Comme je le présente de façon plus détaillée dans une note d’intervention de l’IREC, dire que le Québec et a été moins durement frappé par la crise financière que la plupart des pays développés n’est qu’une dangereuse illusion. La stagnation des exportations internationales qu’on peut constater au Québec depuis dix ans serait plutôt le symptôme de l’aggravation de déséquilibres importants.
La valeur des exportations de biens et services a diminué de 4,5% entre 2002 et 2011 tandis que la valeur des importations augmentait de 27,9%. Un tel écart de croissance est observé autant pour les biens que pour les services. Comme on peut le constater sur le graphique plus haut, cette tendance s’est amorcée bien avant la crise mondiale de 2008. Le solde commercial du Québec est passé d’un surplus de 6 milliards de dollars en 2002 à déficit de 17 milliards en 2008, puis de 23 milliards en 2011. L’appréciation d’environ 50% du dollar canadien, par rapport au dollar US et aux devises de nos principaux partenaires commerciaux, a sûrement été un facteur important de cette évolution puisqu’elle a fait augmenter d’autant les coûts de production du Canada exprimés en dollars américains.
Les pays développés ont connu une réduction de leur secteur manufacturier au profit des pays à bas salaire au cours des dernières décennies, mais des interventions gouvernementales majeures sont réalisées pour contrer cette tendance et éviter la désindustrialisation. Ainsi, le Canada a dépensé récemment des milliards de dollars pour soutenir son industrie automobile et il a accordé des contrats de plus de trente milliards de dollars à son industrie navale qui n’aurait pas réussi à décrocher de tels contrats à l’étranger. De même, les États américains se battent à coup de subventions pour attirer ou maintenir les emplois manufacturiers. L’intervention de l’État est donc justifiée, mais il est possible d’intervenir autrement qu’en soutenant à tout prix des productions non compétitives. C’est pourquoi le Québec ne peut pas se passer plus longtemps d’une politique industrielle bien conçue.
Depuis une dizaine d’années une part importante des dépenses faites par les individus, les gouvernements et les entreprises a été financée par un endettement accru envers des non-résidents, ce qui peut être vu comme un déficit d’épargne pour le Québec. Le graphique ci-dessus révèle que parmi les catégories de dépenses, seuls l’investissement des administrations publiques et la construction résidentielle ont affiché une croissance moyenne sensiblement supérieure à la croissance du PIB. L’investissement non résidentiel a progressé lentement et notamment les dépenses en machines et équipements, essentiels à la compétitivité des entreprises, n’ont augmenté que de 0,6% par année. L’incitation à investir est faible dans les activités où la concurrence extérieure apparaît insoutenable.

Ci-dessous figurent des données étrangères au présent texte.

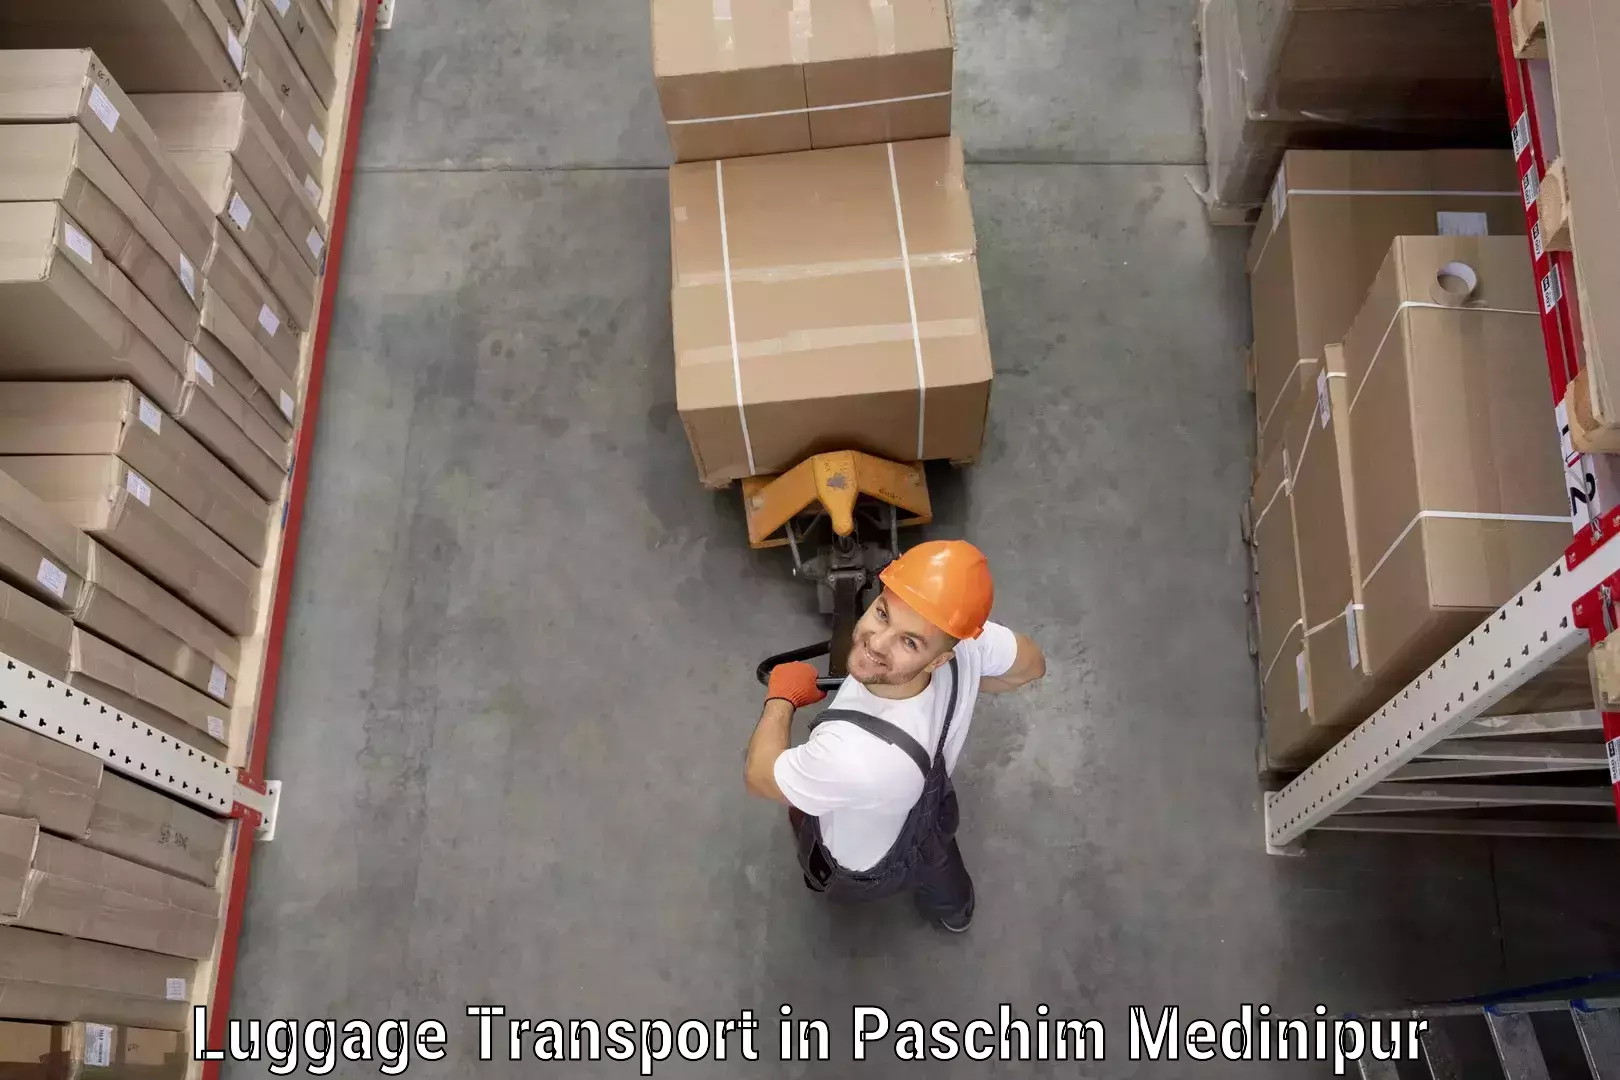 Luggage forwarding service in Paschim Medinipur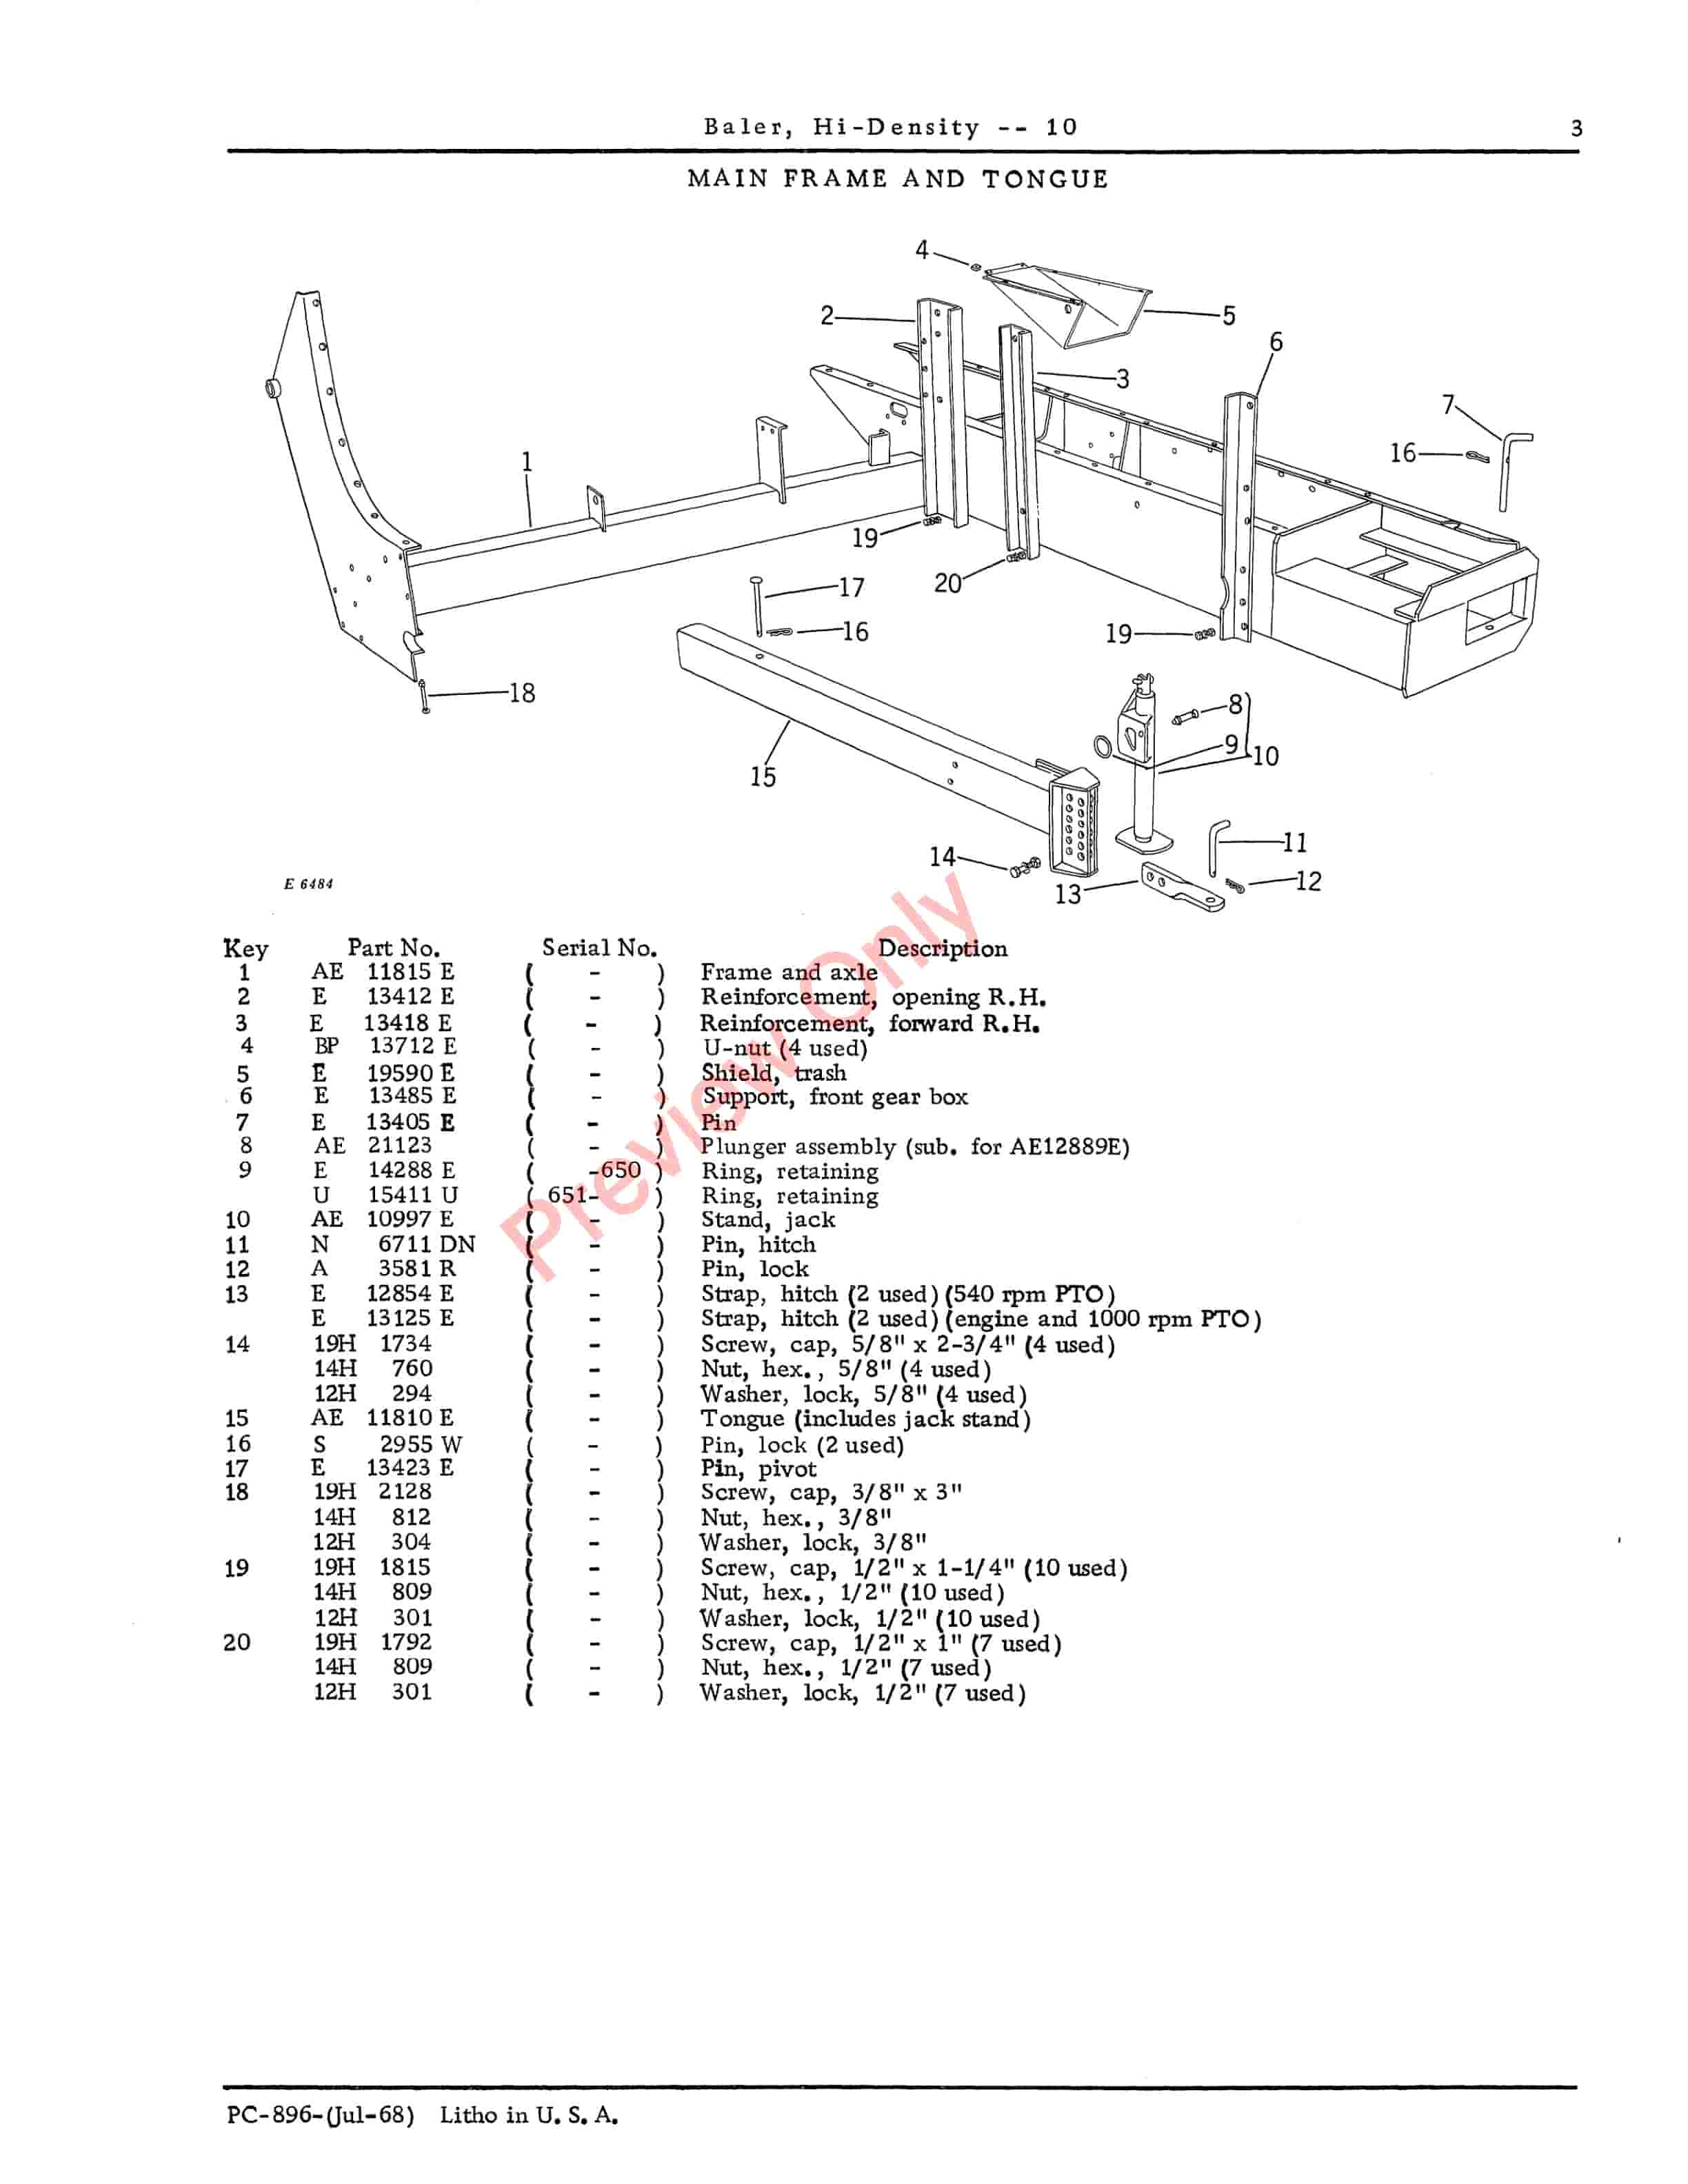 John Deere 10 Hi Density Baler Parts Catalog PC896 01JUL68-5

Par ailleurs, les derniers documents budgétaires indiquent clairement que les immobilisations du gouvernement du Québec ont augmenté très fortement depuis une dizaine d’années et que cela a entraîné une hausse importante de la dette publique québécoise. Une croissance des immobilisations publiques au même rythme que l’économie n’est pas un problème, même si elle est financée par de la dette, mais le secteur public ne peut pas demeurer le principal moteur de croissance de l’économie sur une longue période.
Dans des conditions idéales de marché, un petit pays qui souffre d’un déficit commercial et d’un déficit d’épargne subit éventuellement des ajustements automatiques, tel une dépréciation de la devise ou une hausse des taux d’intérêt. Cependant, puisque le Québec, comme la Grèce, utilise la monnaie d’une entité économique plus large, ces ajustements ne se réalisent pas automatiquement et les avertissements de crise arrivent généralement trop tard. Une très grande rigueur est donc nécessaire dans l’appréciation de la situation économique et financière du Québec.